CHEMNITZ Bis zum Tatort an der Brückenstraße sind es 60 Meter, bis zum Karl-Marx-Monument keine 30. Frauen und Männer haben auf der Wiese des Stadthallenparks Tücher ausgebreitet. Sie knicken das rechte Knie ein, dehnen den linken Unterschenkel nach oben. Besonders bequem sieht das nicht aus. Das Yoga steht für die Stimmung in der Stadt. Ein Versuch der Normalität, der jederzeit scheitern kann. Wo Chemnitzer mittlerweile Gymnastik machen, kam es ganz in der Nähe vor einem Jahr nach dem gewaltsamen Tod des Deutsch-Kubaners Daniel H. zu rechtsextremistischen Ausschreitungen. „Hetzjagden in Chemnitz“, stand in der Zeitung.

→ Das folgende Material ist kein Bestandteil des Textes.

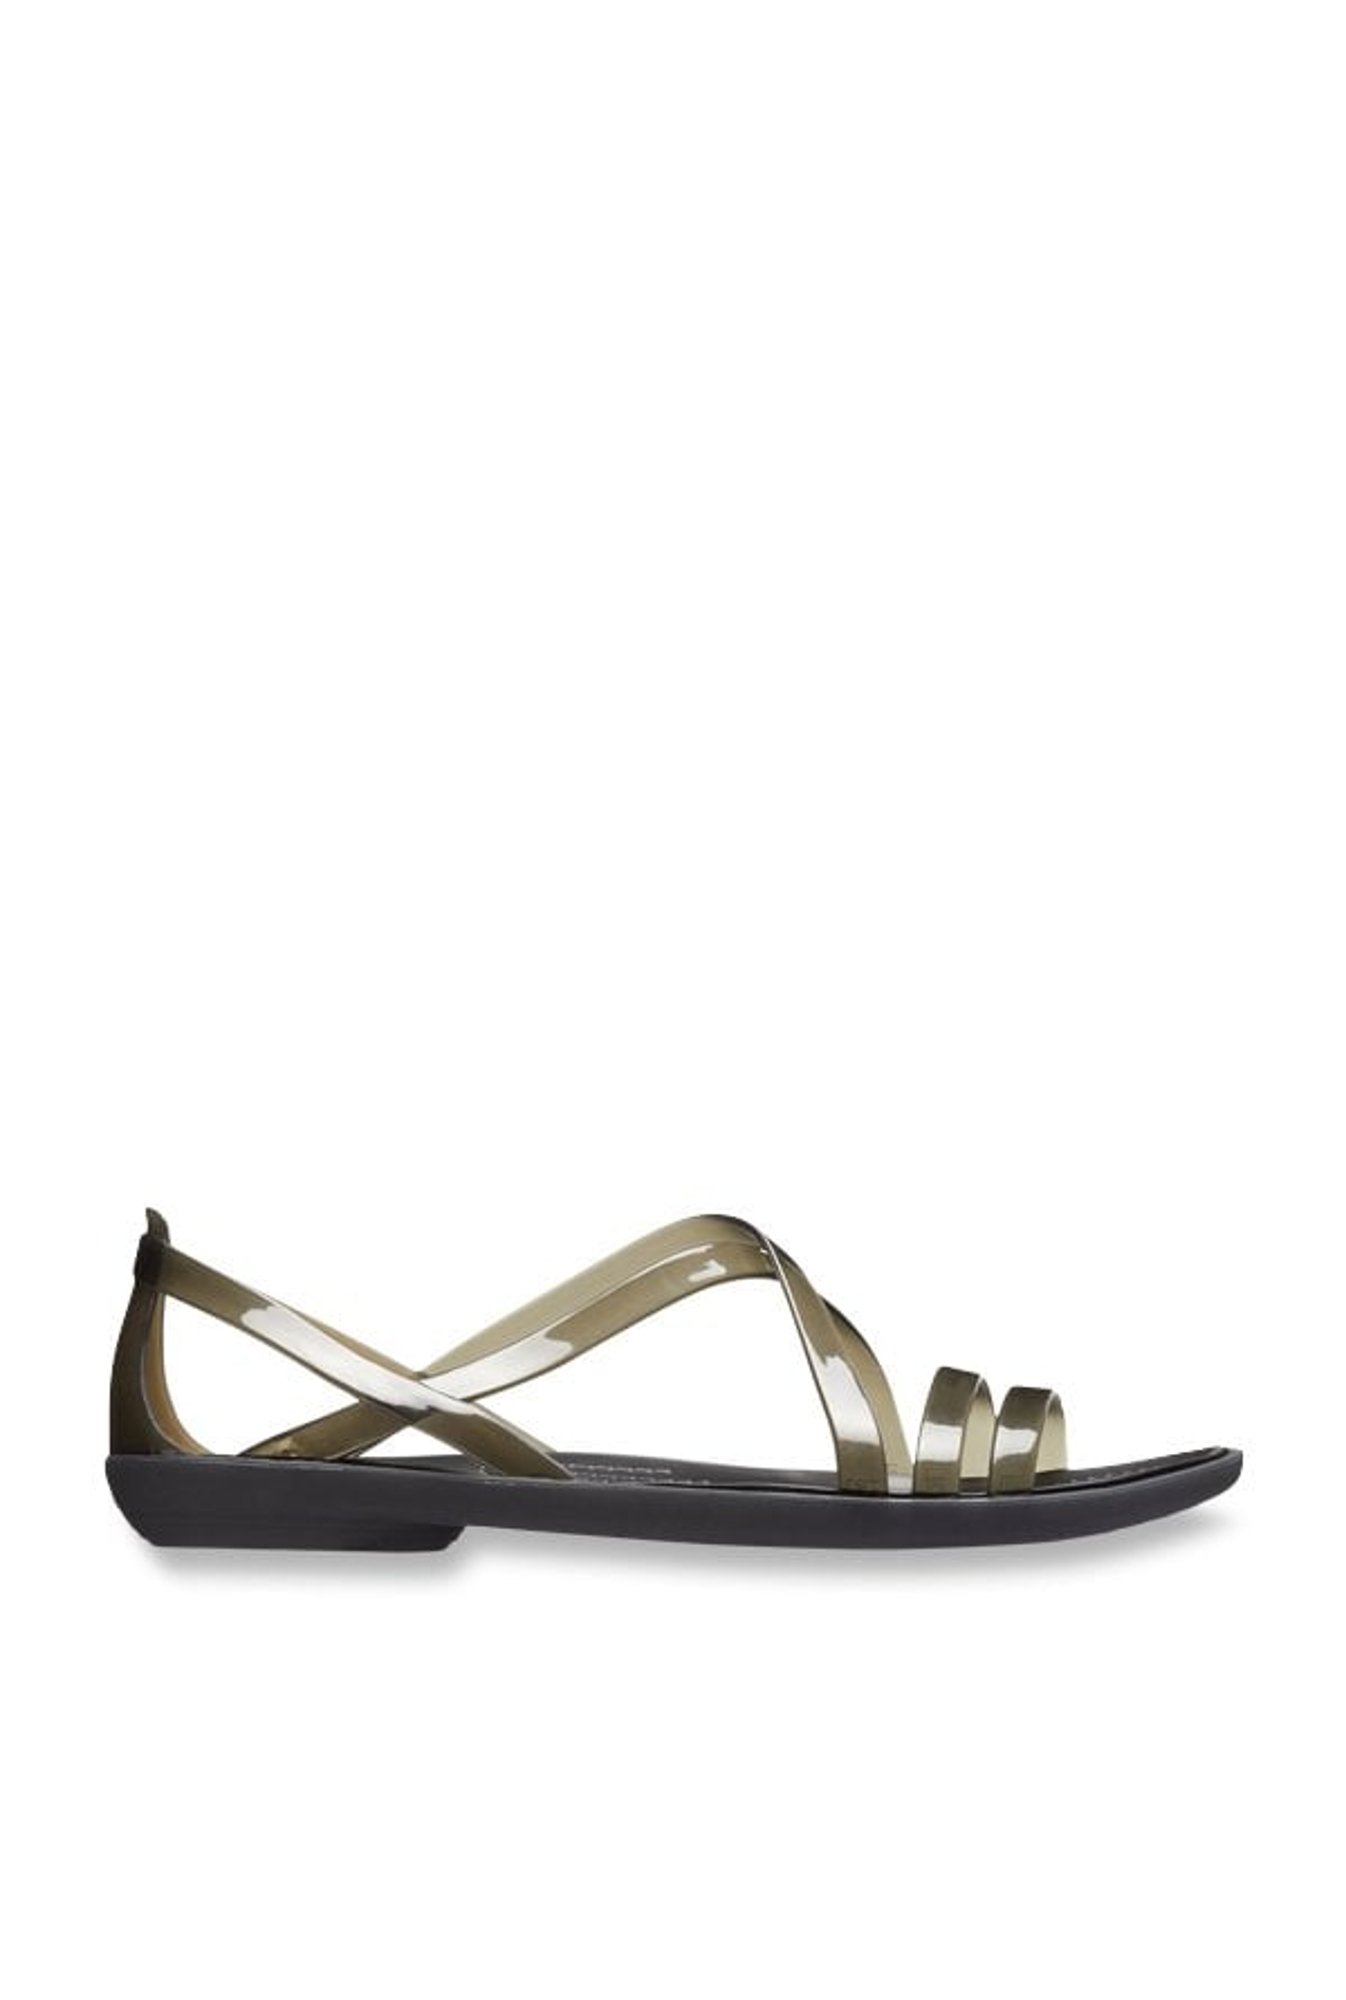 Crocs Isabella Huarache 2 Flat Sandals Black | Xtremeinn

Die Yoga-Stunde ist Teil des Park-Sommer-Programms. Abends treten Bands auf. Nebenan flimmern Filmklassiker im Freilichtkino. Es war eine Samstagnacht, als das Fieber letzten August die Stadt erfasste. Die sächsische Metropole hat das überlebt, sie bewirbt sich um den Titel der Europäischen Kulturhauptstadt. Die Devise im Rathaus heißt: „Früher konnten wir uns bewerben, heute müssen wir es.“
Die fremdenfeindlichen Ausschreitungen trübten den Optimismus in Chemnitz. Im„Café International“der Caritas, in dem Maytham Jabar, 49, Flüchtlingen beim Ausfüllen von Formularen hilft, erinnern sich die Besucher auch an die ermutigenden Szenen. Junge Deutsche hätten Kinder einer Flüchtlingsfamilie vor dem wütenden Mob in Sicherheit gebracht. Aber dennoch: „Das war für alle ein Schock“, sagt Jabar.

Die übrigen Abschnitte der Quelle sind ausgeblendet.